- Born: San Fernando Valley
- Occupations: Stunt coordinator, Second unit film director
- Known for: Stunt work
- Notable work: Bourne film series

= Dan Bradley =

American stunt coordinator

Dan Bradley is an American stunt coordinator and second unit film director. He has worked on Independence Day, Spider-Man 2, Spider-Man 3, The Bourne Supremacy, The Bourne Ultimatum, Superman Returns, Indiana Jones and the Kingdom of the Crystal Skull, Where The Wild Things Are, Quantum of Solace, and Mission: Impossible – Ghost Protocol.

Bradley was born and raised in the San Fernando Valley and his early street racing around Van Nuys led him into his career in stunts.
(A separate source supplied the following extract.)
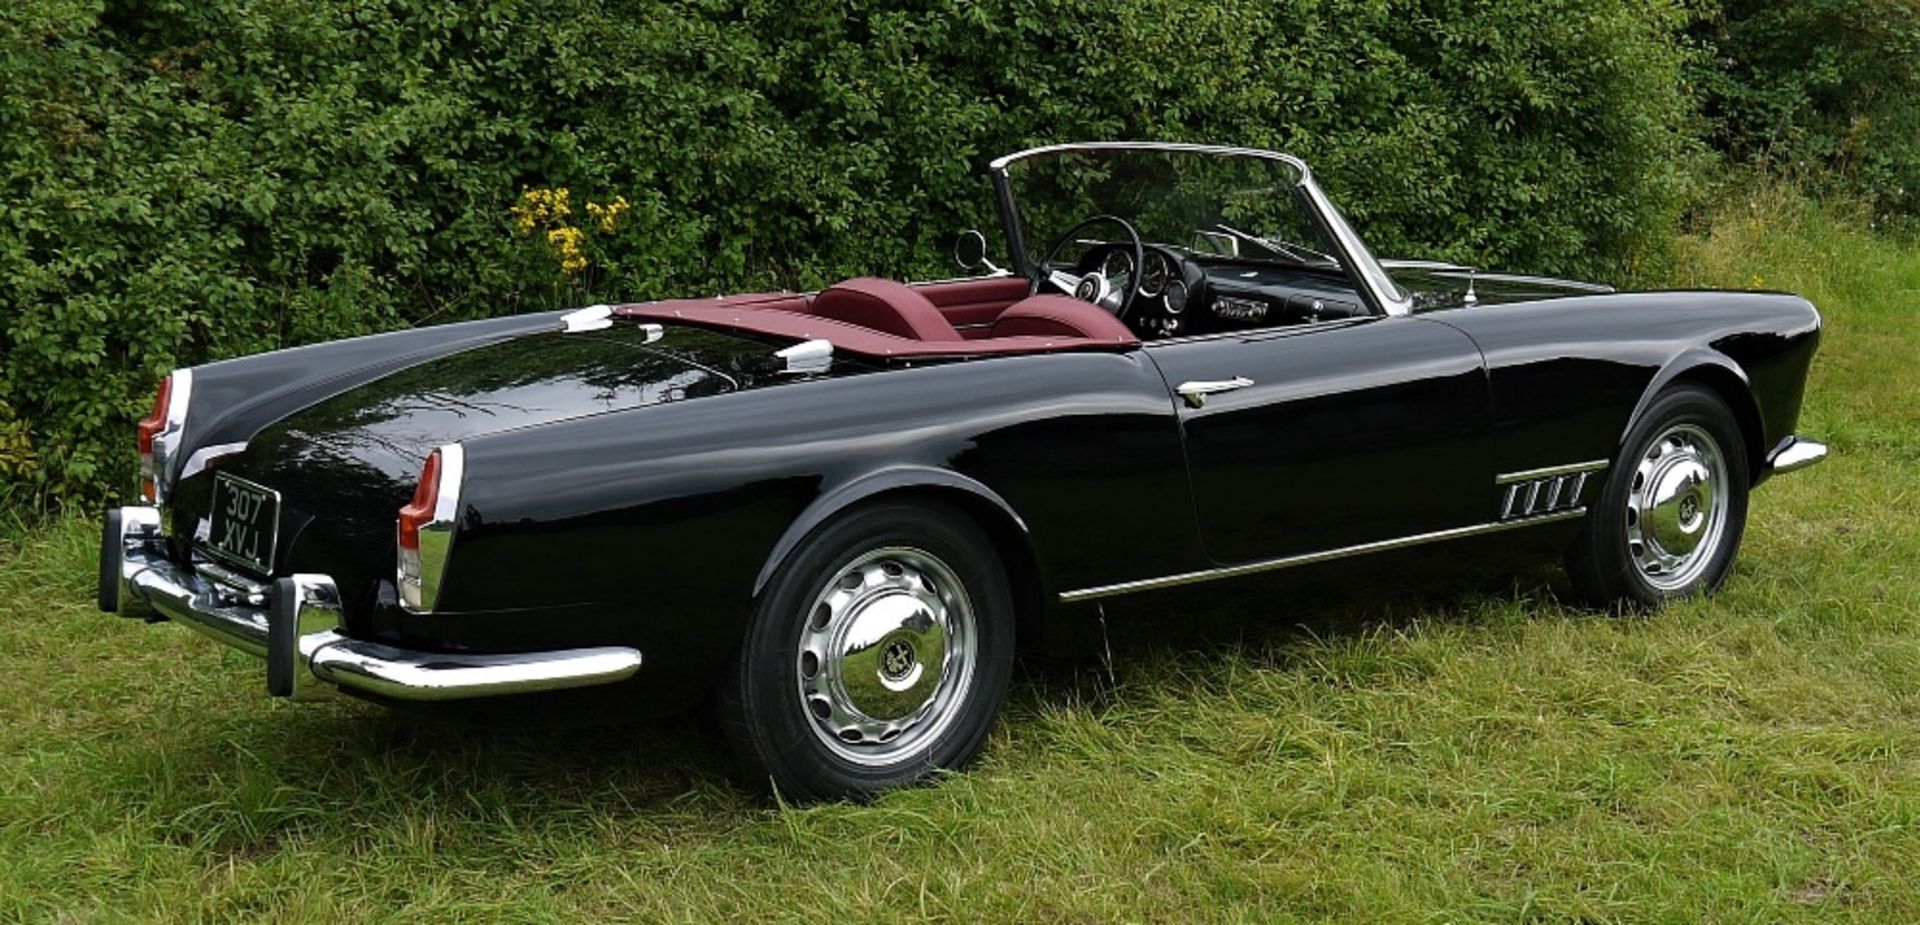 1960 ALFA ROMEO TOURING SPIDER Registration Number: 307 XVJ Chassis Number: AR*10204*000517 Recorded - Image 8 of 36

He was originally cast to portray Jason Voorhees in Friday the 13th Part VI: Jason Lives but was replaced by C.J. Graham. Despite this the scenes he filmed were still included in the film making this the third instance of 2 actors portraying Jason in one film. (Note: Though the killer in Part 5 was not Jason, two people portrayed Jason in that film: John Hock in the opening dream sequence and Tom Morga in Tommy's Hallucinations.)

Bradley served as the stunt coordinator and second unit for the car chase scenes in The Dukes of Hazard. Johnny Knoxville praised him saying "everyone in Hollywood wants Dan Bradley to shoot their car stuff" and cited him as a factor in his taking a role in the film.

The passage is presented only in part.